Anolik had a child three years ago, and is looking to have a second child. Should she get pregnant, she plans on training with Plavin during and after the pregnancy.

“I want to work with her for the whole journey,” she said. “She gets it, she really does.”

Anolik also said she feels comfortable with Plavin being in her home, and that they work out in a space with children’s toys and clothes in it.

“You just need enough room for some yoga mats,” she said.

In their own homes

Wenger said that there are a number of reasons why people choose to work out with an in-home trainer, and he cited injury prevention, overcoming a negative self-image and accountability.

“When they know I’m coming to their home, I’m coming to their home,” he said. “I know where they live literally.”

Fahey said that she finds it, “very convenient to work out,” where she lives.

“You’re more focused in your own house,” she said.

She said that the workouts are very focused, and that she and Wenger keep saying that they should get coffee sometime so they can chat.

“I look forward to our sessions,” she said. “I always feel better afterwards.”

Wenger sees eight to 12 clients a week, and their locations range from Easthampton to Northampton, Greenfield and Conway. He charges a sliding scale, depending on location and frequency, ranging from $65 to $85 a session.

His business also allows him to set his own hours.

“I work from 5 in the morning until noon,” he said. “And then I can usually get my son at school.”

As for the types of people who use his services, Wenger said his clients range from grandparents to triathletes.

Plavin said that it makes sense to train people in their homes for the work that she does, although she advertises it as settings that fit your life.

“I have worked with people where their baby was laying on the blanket right next to us,” she said. “We’ve entertained the baby while we’ve worked together.”

Plavin said that a lot of what she works on with her clients involves breathing and posture. And she also noted the importance of relaxing the pelvic floor.

Plavin takes on only a handful of clients at a time. She charges her clients $60 to $80 a session, depending on travel. For longer sessions, where people don’t want to do regular sessions, she charges $100 to $125 a session.

Wenger first began lifting weights when he was 16 years old, and he said he started because he was a chubby Jewish kid when he was younger.

“I didn’t want to be made fun of anymore,” he said, also noting that he had wanted to feel strong.

Wenger said that he emphathizes with people who decide they want to put themselves out there and get stronger.

“When you can help someone feel good about themselves, that’s an incredibly powerful moment,” he said. “And that’s why I do it. Number one.”

Since she began working out with Wenger, Fahey said that the pain from the arthritis in her hips has improved, and she feels stronger and has better posture.
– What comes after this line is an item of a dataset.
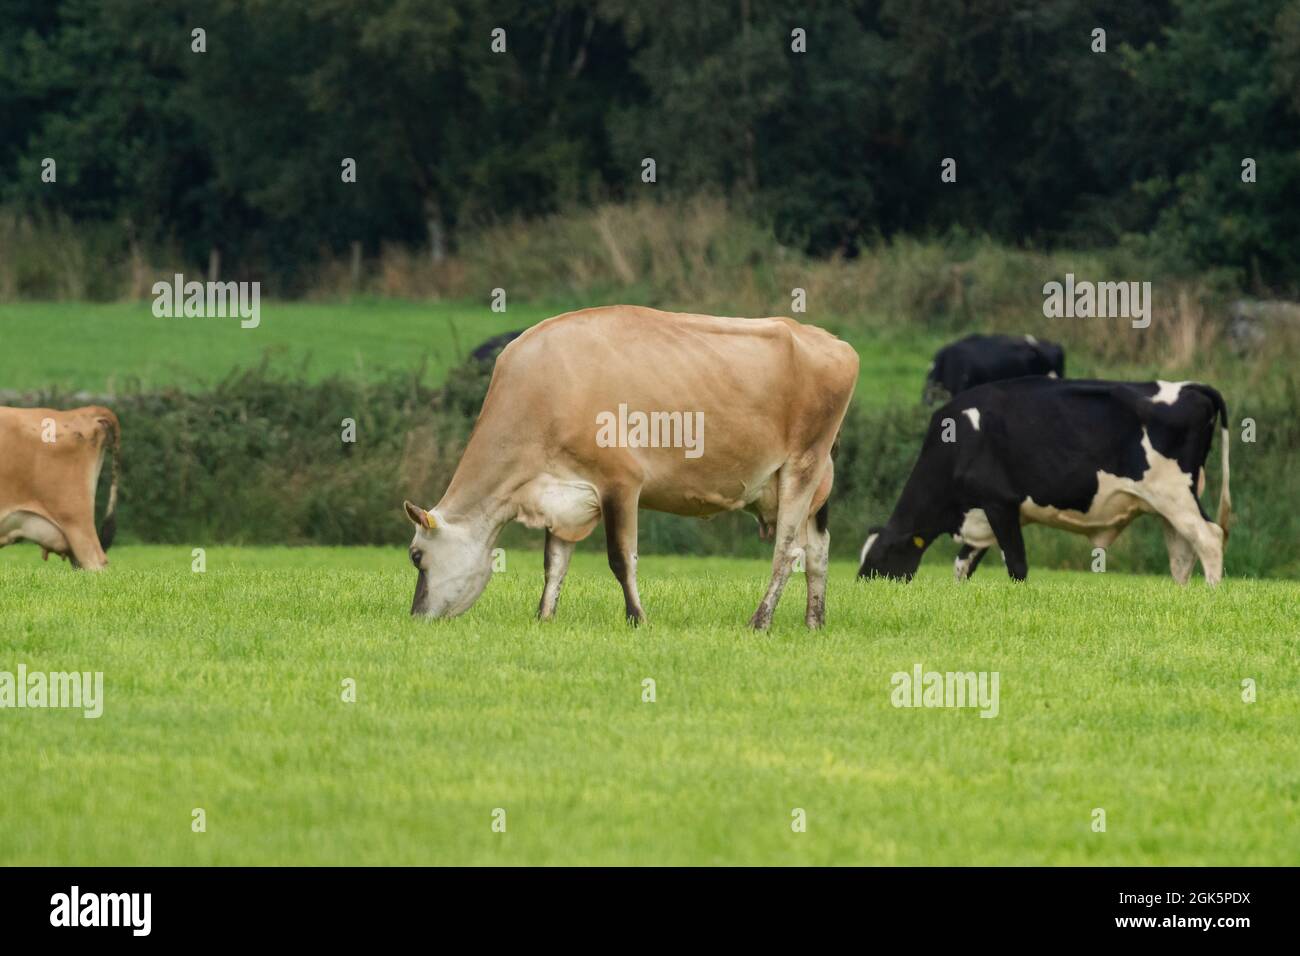 Una vaca Jersey en un campo de pastoreo junto con vacas Holstein Friesian. La vaca lleva un collar para su identificación. Foto de stock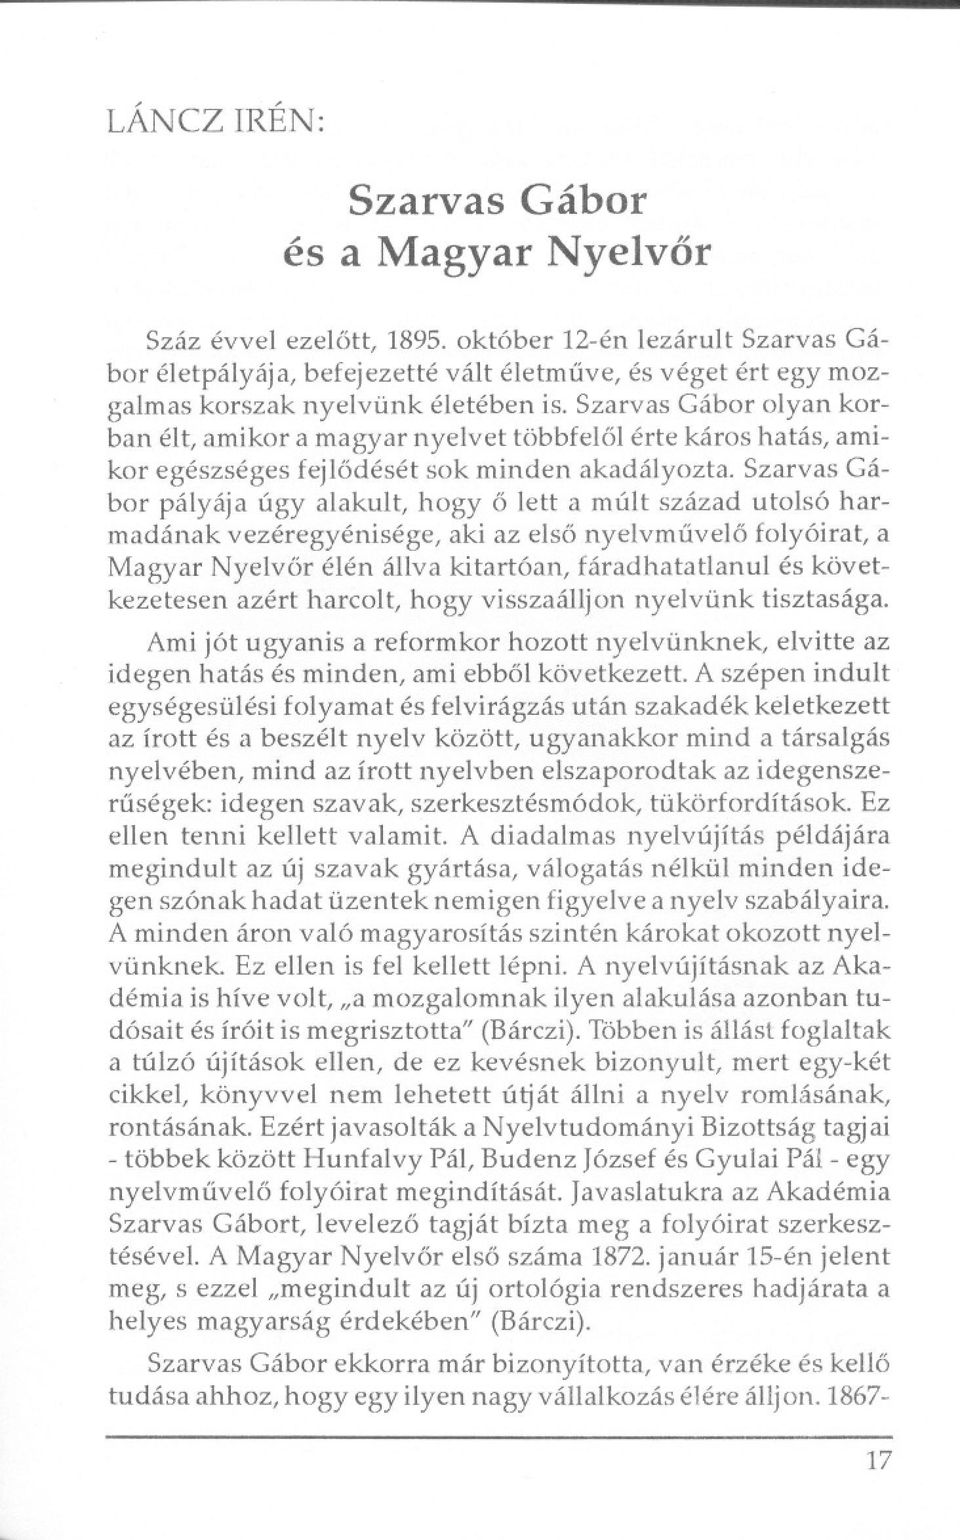 Szarvas Gábor olyan karban élt, amikor a magyar nyelvet többfelol érte káros hatás, amikor egészséges fejlodését sok minden akadályozta.

She also said that she wants to continue working with Wenger going forward, and she intends to stay active and keep traveling as she ages, noting that her son and his family live in California and she’s promised to travel to Paris with her daughter.

“I’d rather do this than buy clothes,” she said.

Wenger said he has been getting a lot of interest from other personal trainers, and that he is developing a curriculum to teach other personal trainers to run traveling personal training businesses based on his model.

“A lot of the trainers that train at gyms, they want to be able to have their own small business,” he said.

He is currently doing signups, and plans to launch it in the next few months.

While Plavin does enjoying teaching at the college level, she also said that she’s prepared to dedicate herself to training others full time.

“Clearly I care about it,” she said.